Title text: 100he100k out th1s 1nno5at4e str1ng en100o501ng 15e been 500e5e50op1ng! 1t's 6rtua100y perfe100t! ...hang on, what's a "virtuacy"?


Roman numerals are the system of representing numbers used during the Roman Empire. The letters I, V, X, L, C, D, and M are used to represent numbers, with each letter representing a consistent value. Specifically, I represents 1, V represents 5, X represents 10, L represents 50, C represents 100, D represents 500, and M represents 1000. One way of stating the rules for combining Roman numerals next to each other are that a Roman numeral is added to a Roman numeral of equal or lesser value just to its right (e.g., II=1+1=2 because 1≥1, and VI=5+1=6 because 5≥1[citation needed]), and a Roman number is subtracted from a Roman numeral of greater value just to its right (e.g., IV=5-1=4 because 1<5, and IX=10-1=9 because 1<10). (Also, each place must be written separately, e.g., one cannot represent 49 via IL but instead must represent the tens place and ones place separately via XL IX—although the space would not be included in practice).

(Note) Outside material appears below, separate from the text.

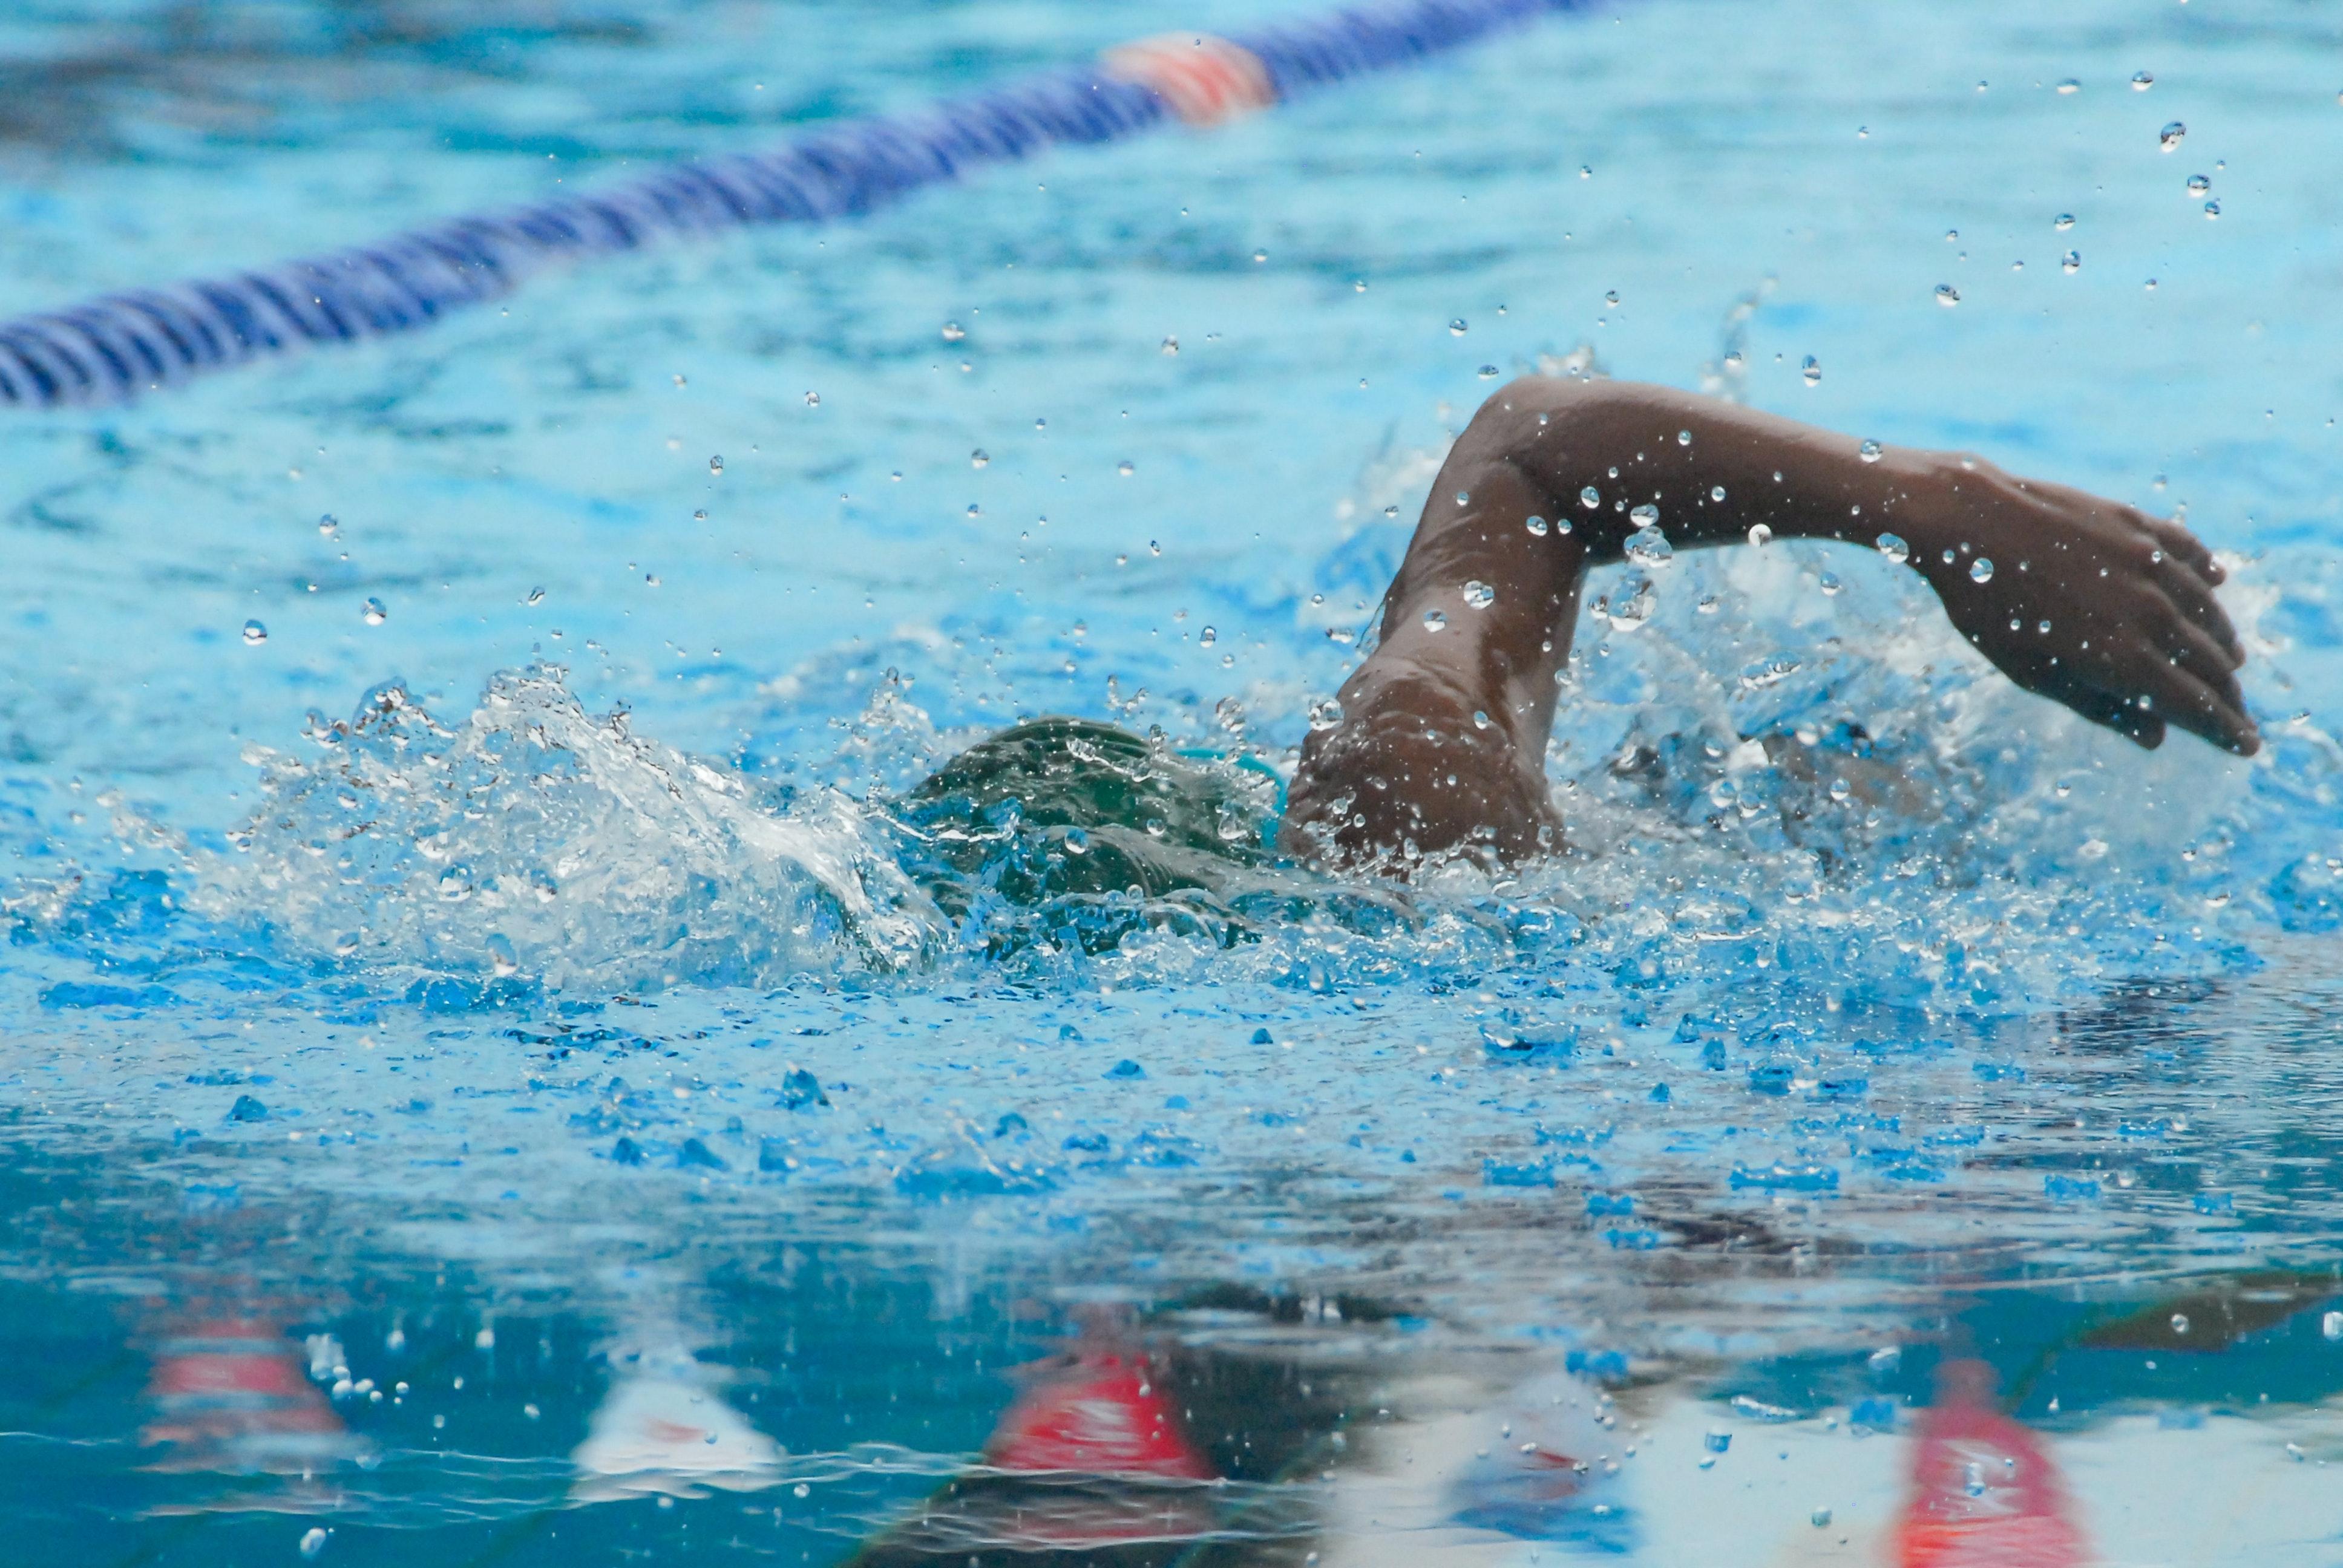 tratamiento osteopatía deportes de agua bilbao

The modern system of representing numbers is a decimal positional notation using the numerals (0, 1, 2, 3, 4, 5, 6, 7, 8, and 9). Westerners often call this system "Arabic numerals" or "Hindu–Arabic numerals" because they were invented in India and introduced to Europe by Arabic merchants.

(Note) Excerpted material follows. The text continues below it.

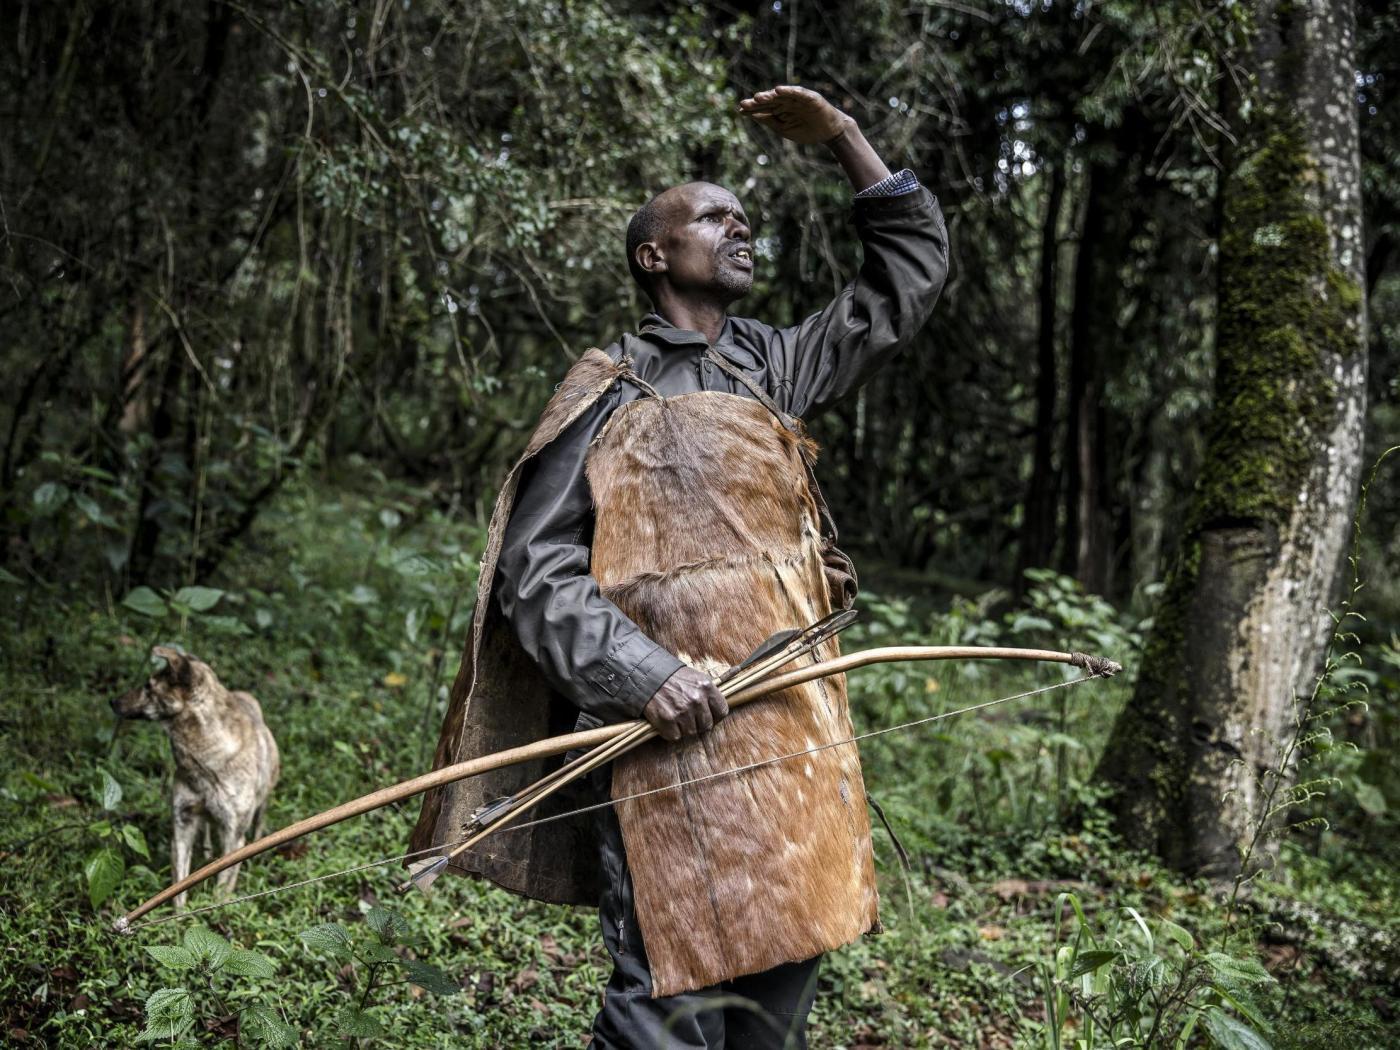 Ogiek hunter Joseph Kipkemoi Lesingo surveys a tree holding a beehive before collecting honey on a cold day

Thus in Roman numerals a digit always has the same absolute value but may be treated as positive or negative depending on the digit after it, whereas for Hindu-Arabic numerals, a digit's value changes by a power of 10 depending on its absolute position and is never subtracted.

Cueball's original equations in Roman Numeral form are:

I + I = II
II + II = IV
IV + V = IX

Translated normally into more familiar Hindu–Arabic numerals, these equations are:

1 + 1 = 2
2 + 2 = 4
4 + 5 = 9

But Randall/Cueball replaced each letter individually with its value in Hindu-Arabic numerals — ignoring the abovementioned rules for interpreting combined Roman numbers, instead using the rules of Roman Numerals. "I" is replaced with "1", "V" is replaced with "5", and "X" is replaced with "10". For example, for IX at the end of the last equation, "I" is replaced with "1", and "X" is replaced with "10", so "IX" becomes "110". Thus, the equations are written

1 + 1 = 1 1
1 1 + 1 1 = 1 5
1 5 + 5 = 1 10

where the spaces have been added for clarity.

An alternative interpretation of the third line, though not strictly in accordance with Roman numeral "rules", is

15 + 5 = 20 (in decimal)
20 is 2 0
2 is 11
So 20 is 11 0

The joke is that because Arabic numerals do not use the same rules of addition and subtraction as Roman numerals, the equations appear incorrect in both systems. The usual interpetation of 11 is 10+1, not 1+1 as it is under the rules for interpreting Roman numerals. Randall derives additional humor from the premise that Cueball seems to know Roman numerals better than Arabic numerals (as demonstrated by the fact that he translated only the symbology and not the grammar) so that he would do math in Roman numerals and have to remember to convert his equations to Arabic numerals at the end. Schoolchildren in the West have been taught to do math with Arabic numerals, not Roman numerals, for centuries.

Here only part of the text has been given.